§ Dataset section

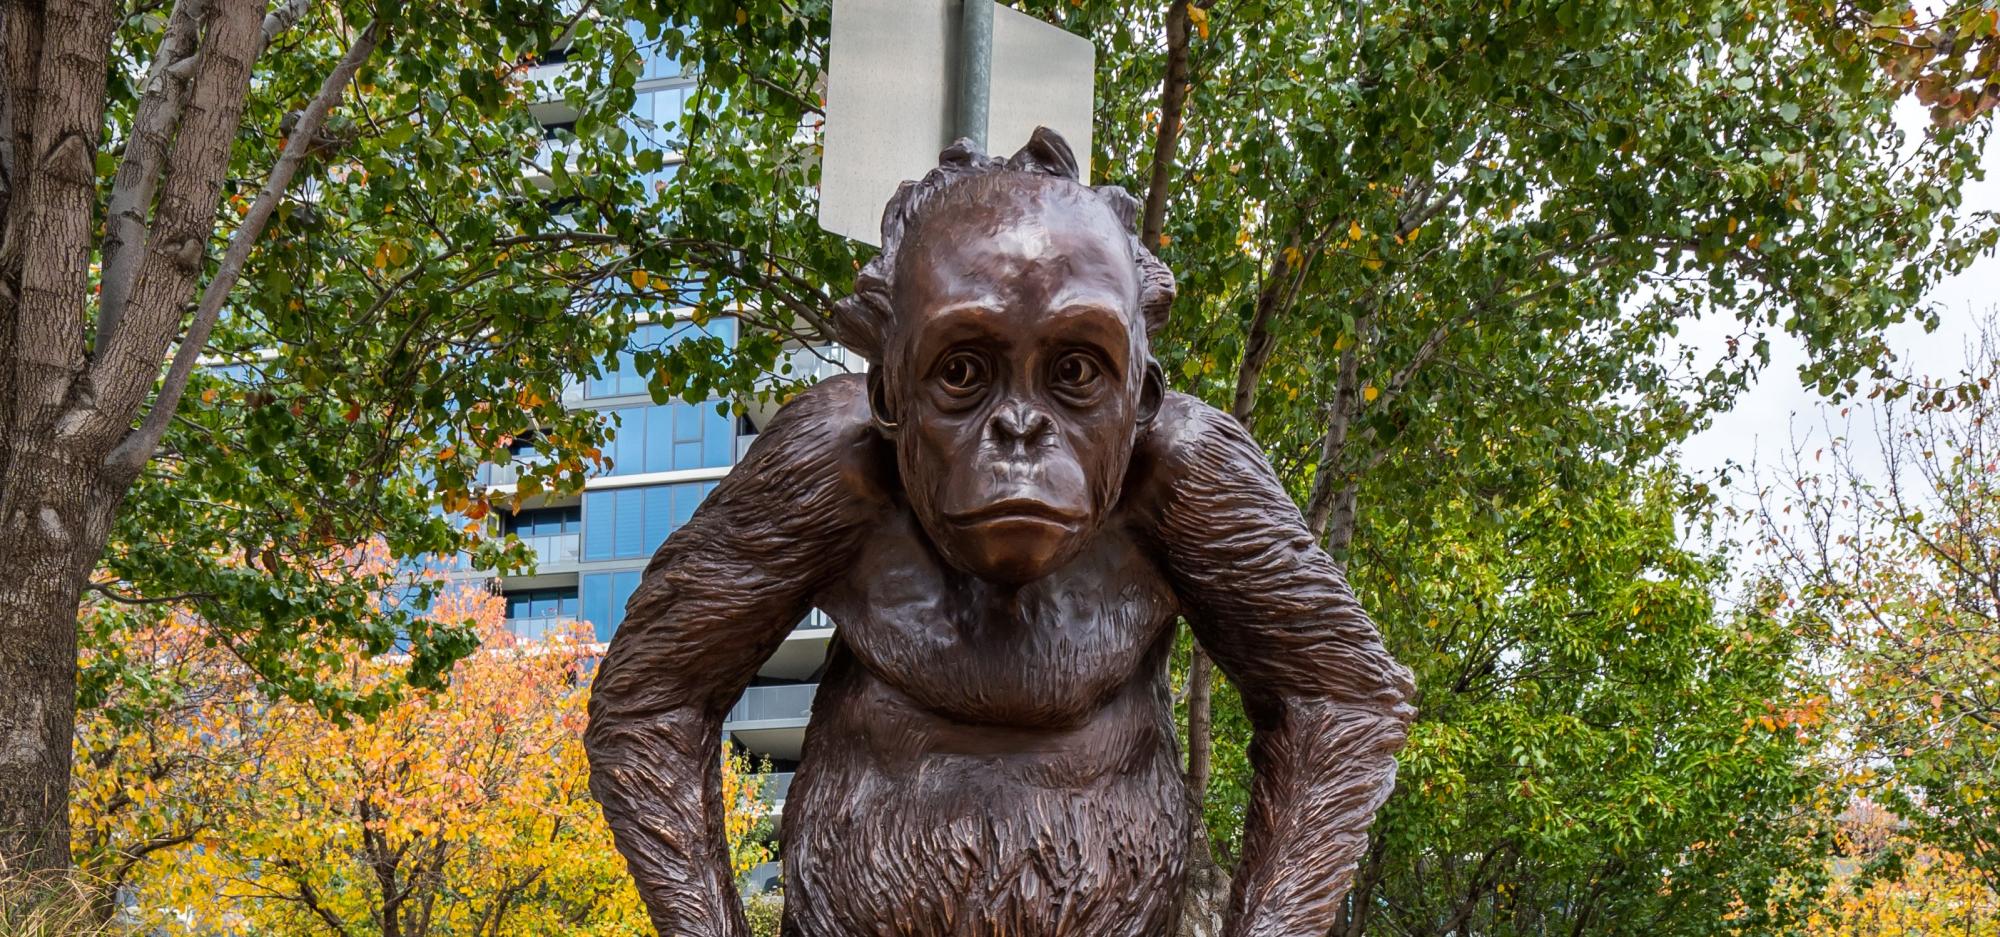 Statue of wild baby orangutan 
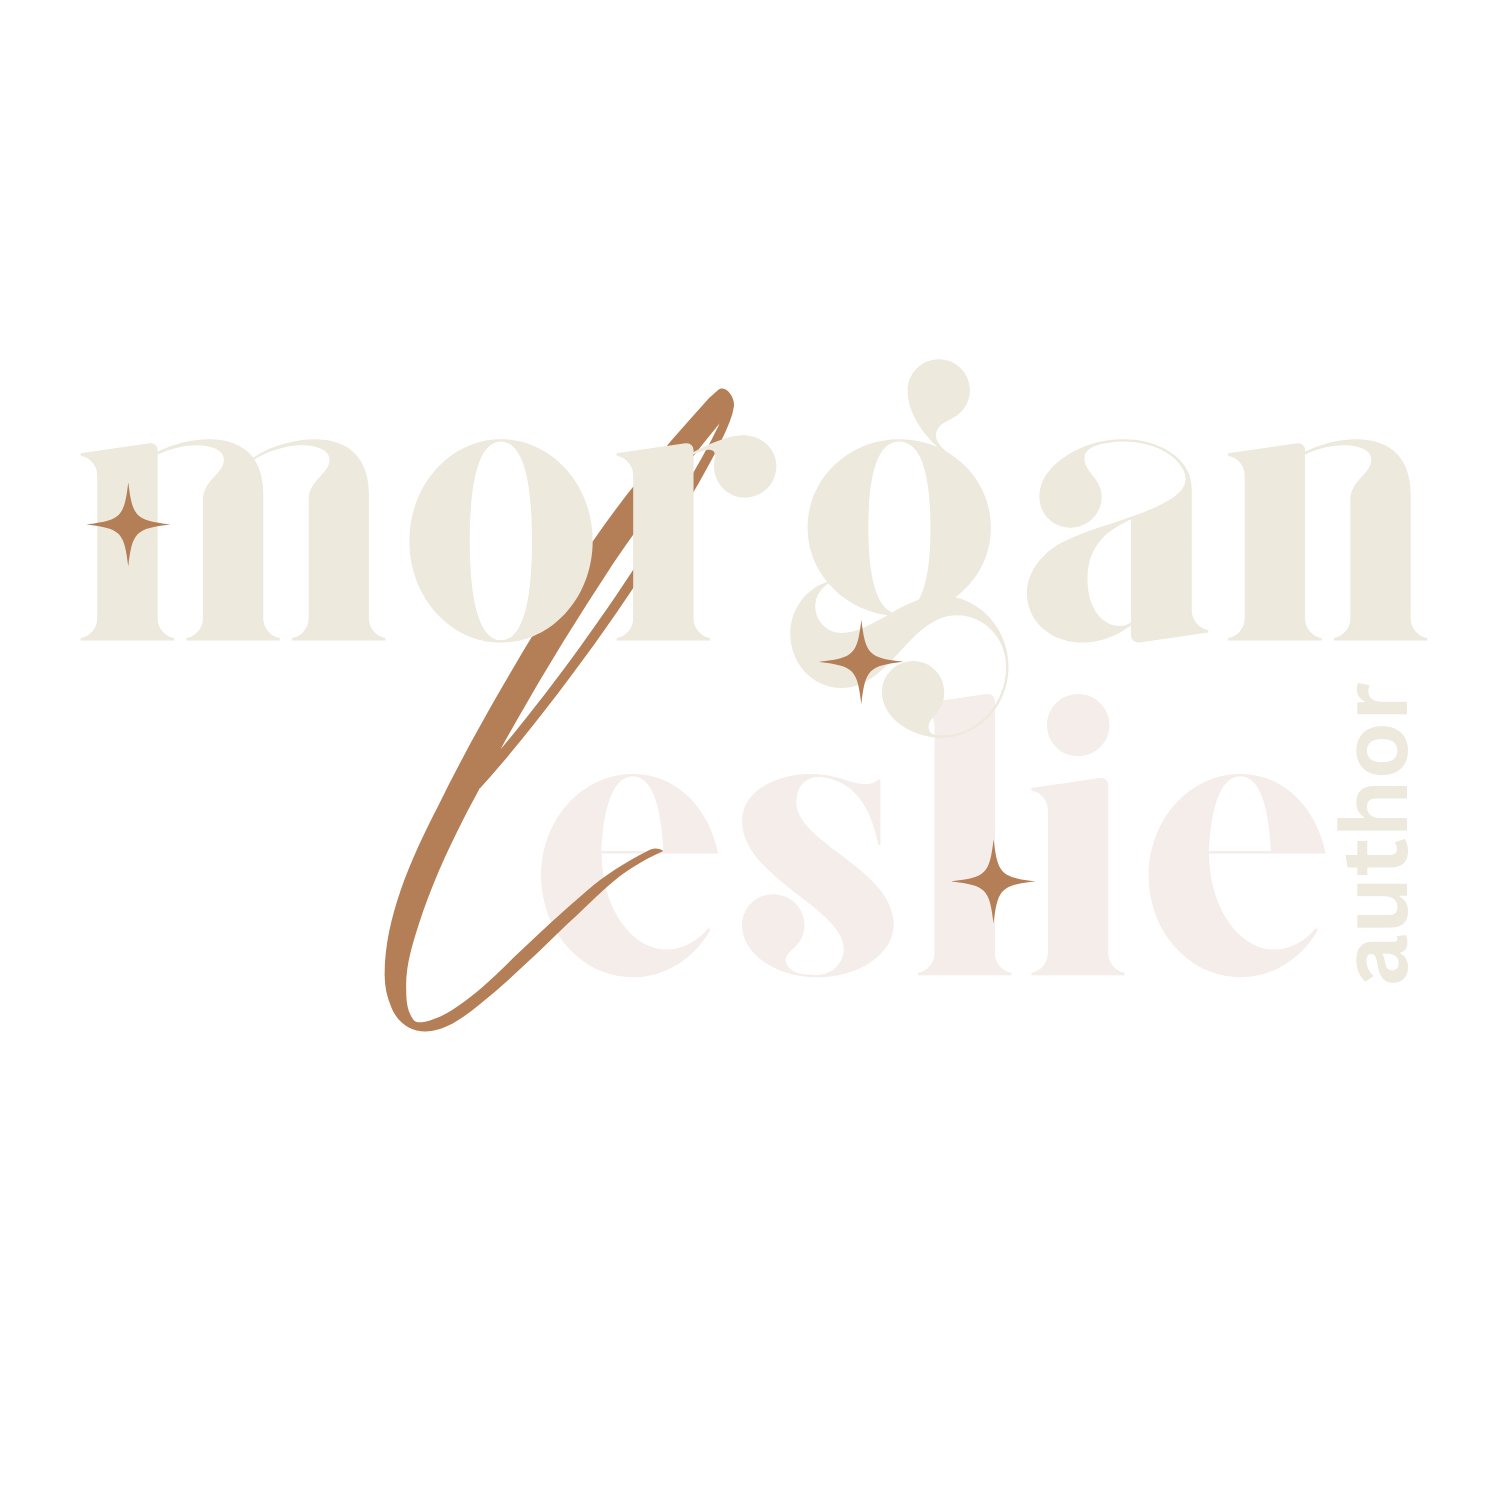 Morgan Leslie
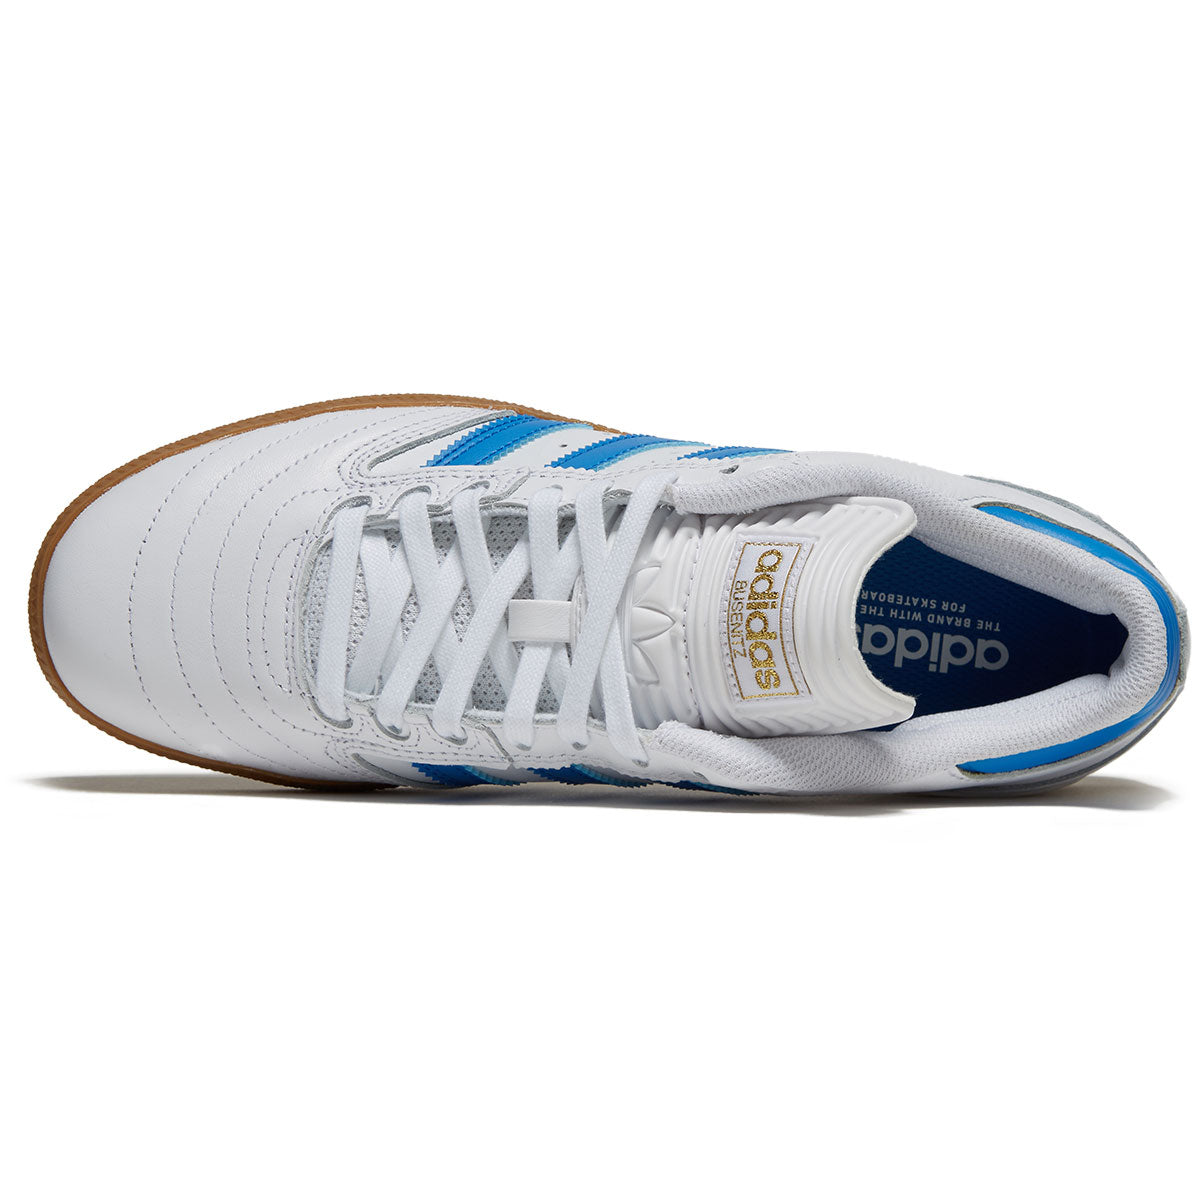 Adidas Busenitz Shoes - White/Bluebird/Gold Metallic image 3
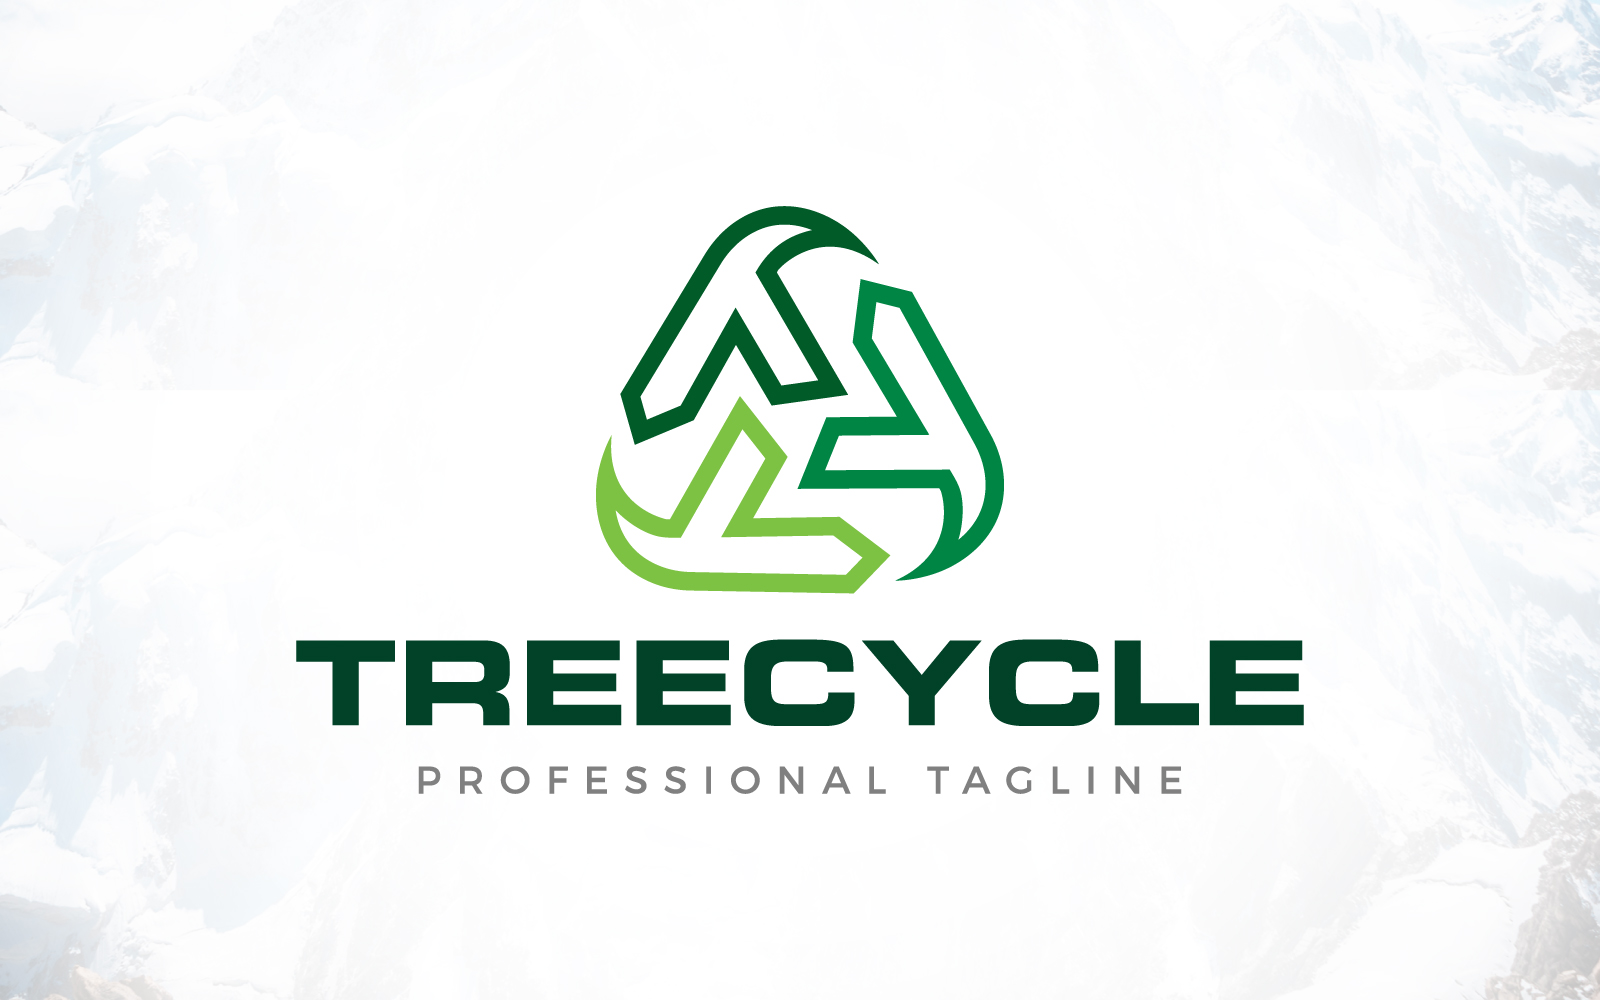 cycle logo illustration ai free download free road cycle logo - Urbanbrush

§ What to do
Restate exactly, and only, the lines from the one that holds "Adidas Busenitz Shoes" down to the last line of the material above. Omit the pictures.

§ Solution to this problem
 Adidas Busenitz Shoes - White/Bluebird/Gold Metallic image 3
 cycle logo illustration ai free download free road cycle logo - Urbanbrush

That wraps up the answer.